Une démontration de l'imbécilité congénitale de la gauche dans nos médias s'illustre dans la croyance répandue selon laquelle seuls des idiots du deep south, bebittes religieuses arrièrées, peuvent être de droite. Tous les progressistes, les intellectuels, sont de gauche...

Nous n'arrivons pas à rabattre ce mur, c'est un ciment dur qui bloque toute discussion intelligente avec ces supposés "intellectuels" tellement intelligents, innaccessibles par nous pauvres idiots de droite.

C'est une connerie monumentale, trop conne pour être pensée par un intellectuel, vous ne trouvez pas?

Ils s'approprient le monopole de la bonté et du progressisme, et maintenant ils ont le monopole l'apellation contrôlée "intellectuel". Ils ont les clefs du savoir, l'illumination exclusive, la sagesse suprême.

Seul un gauchiste peut être un intellectuel. Les gauchistes sont tous intelligents, les droitistes tous des idiots.

C'est tellement cave, simple... tellement pas intellectuel.

C'est de cette façon qu'un gros imbécile menteur comme Michael Moore* passe pour un intellectuel, ce qui est véritablement une imposture, pendant que George Bush est décrit comme le pire idiot ayant vécu sur cette terre, élu par le peuple le plus idiot de la terre, mais qui bizarrement est l'un des plus instruits du monde (deux fois plus de diplomation universitaire qu'au p'tit Québec).

Condy Rice... elle n'est pas une intellectuelle? On lui a retiré sa carte de membre du club exclusif des "vrais intellectuels"? Comment peut-on être idiote et être prof à Stanford? Expliquez-moi ça...

Une des choses qu'on a jamais mentionné dans les médias pourris de la gaugauche Québécoise, c'est que le candidat colistier au nobellisé Al Gore en 2000, ancien senateur démocrate du Connecticut (on l'a crissé dehors, et peut-être qu'on lui a retiré sa carte le permettant d'être un intellectuel) Joseph Lieberman, appuie fermement la guerre au terrorisme, tant en Irak qu'en Afghanistan, et appuie Jonh McCain à la présidence.

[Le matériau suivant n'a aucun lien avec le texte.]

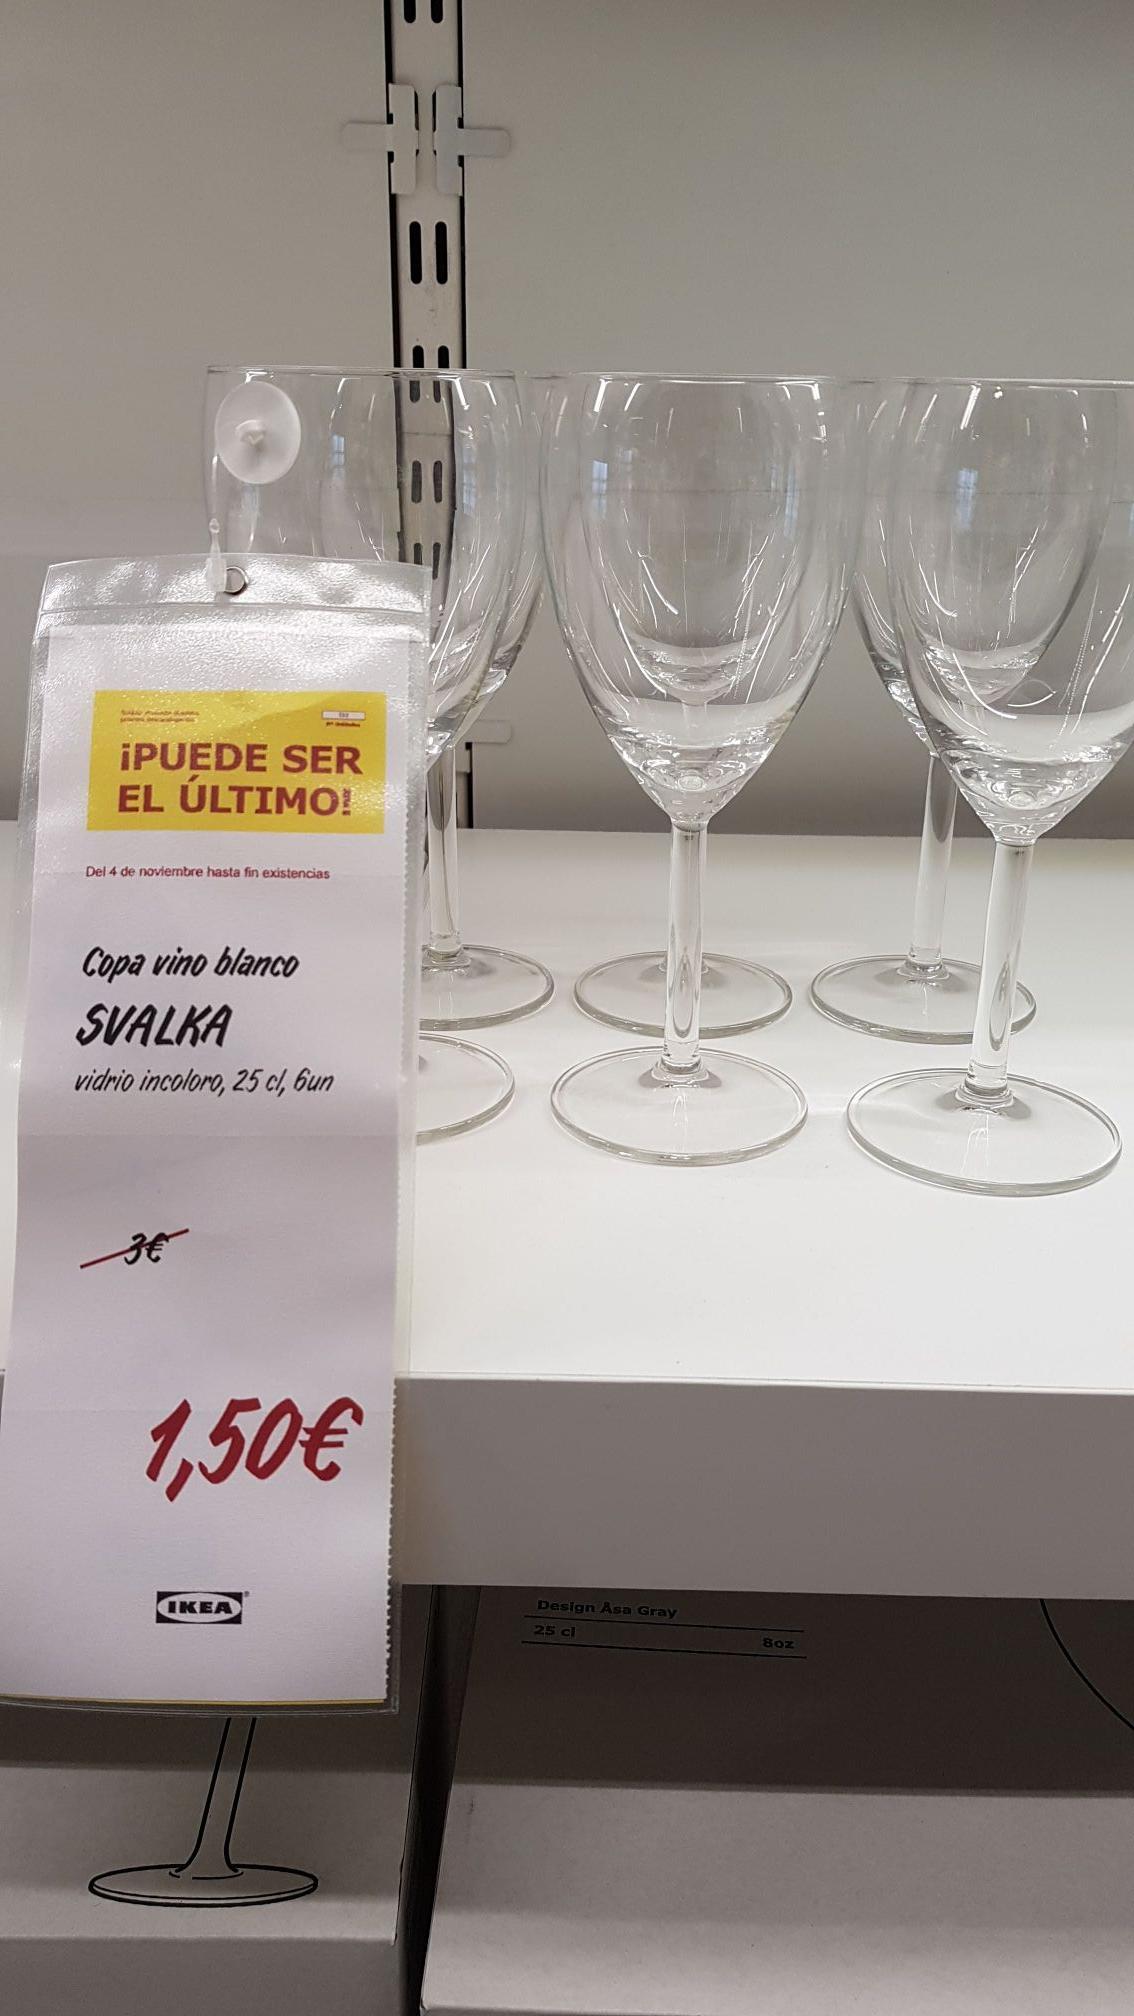 6 copas de vino blanco al 50% en ikea
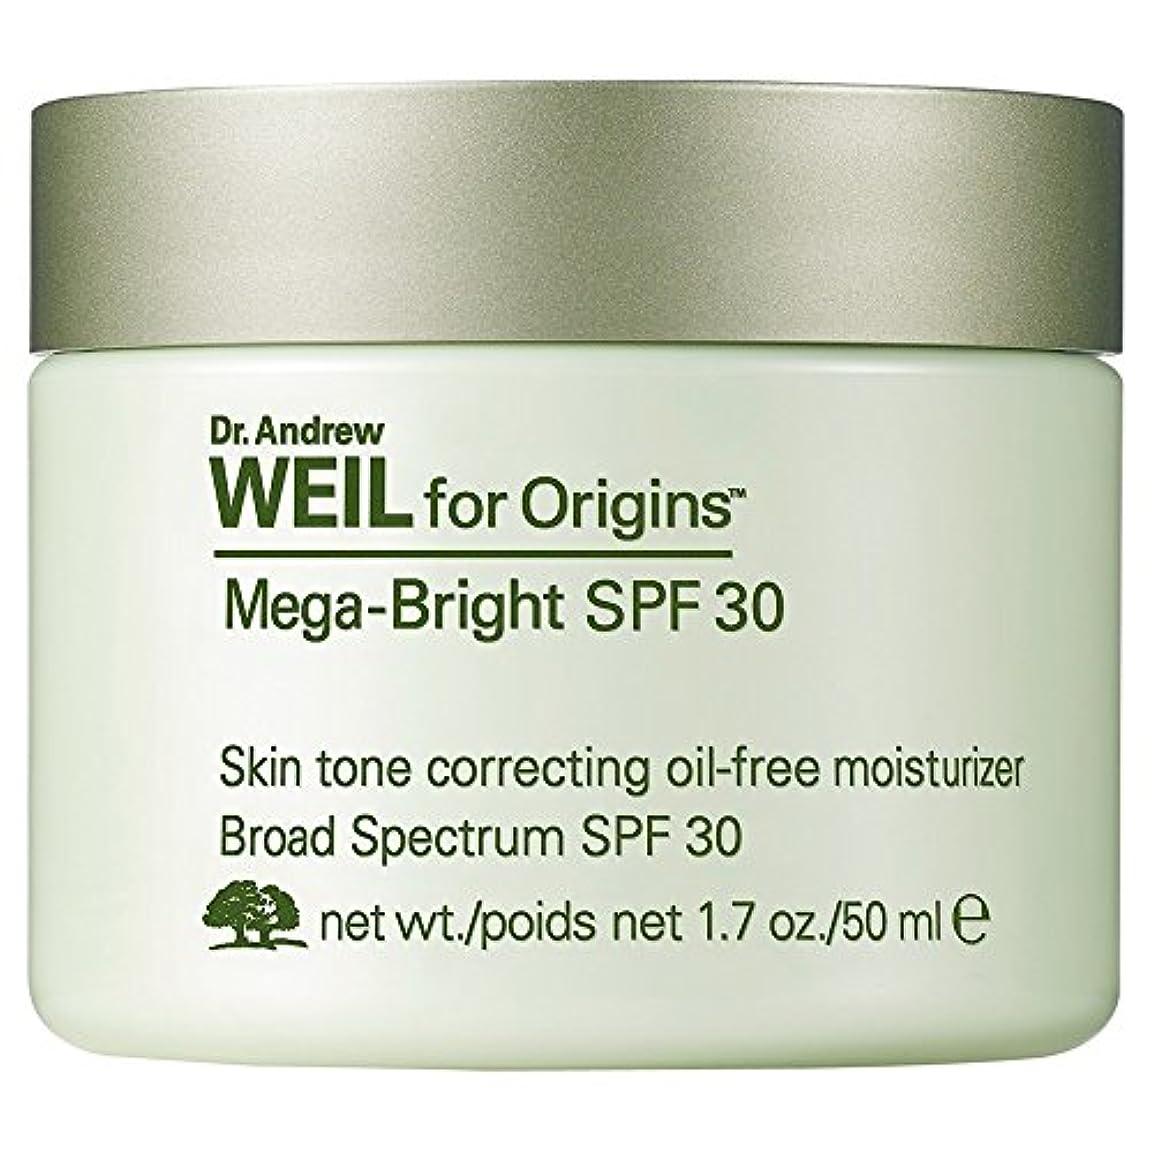 Dr。保湿、50ミリリットルの補正アンドルー?ワイルメガブライトSpf30の肌のトーン (Origins) (x6) - Dr. Andrew Weil Mega-Bright SPF30 Skin Tone Correcting...

Probablement que c'est parce que c'est un autre maudit cave... y'a juste des caves qui appuient McCain... ou Bush! Tous ceux qui sont pour l'intervention en Irak sont des caves, c'est scientifiquement prouvé... donc logiquement ils ne peuvent pas être des "intellectuels".

Le schéma est simple... élaboré par des "vrais intellectuels" certifiés "progressistes" (idiots 9008)

Cave = Droite/Républicain
Intellectuels éclairés ayant le monopole de la bonté = Gauche/Démocrate

C'est comme ça que la presse Québécoise argumente... Elle n'a rien d'intellectuelle car elle en est à la phase anale de l'âge mental.

Ici avec notre presse gaugauche de l'OBAMARAMA en 3D, où l'on nous présente le messie qui marche sur l'eau, sauvera le monde... nous nageons, même que nous sommes submergés dans un océan d'intelligence!

*Si vous trouvez que Michael Moore est un écrairé qui ne ment jamais, tapez-vous le documentaire "Manufacturing dissent", sinon restez dans votre ignorance.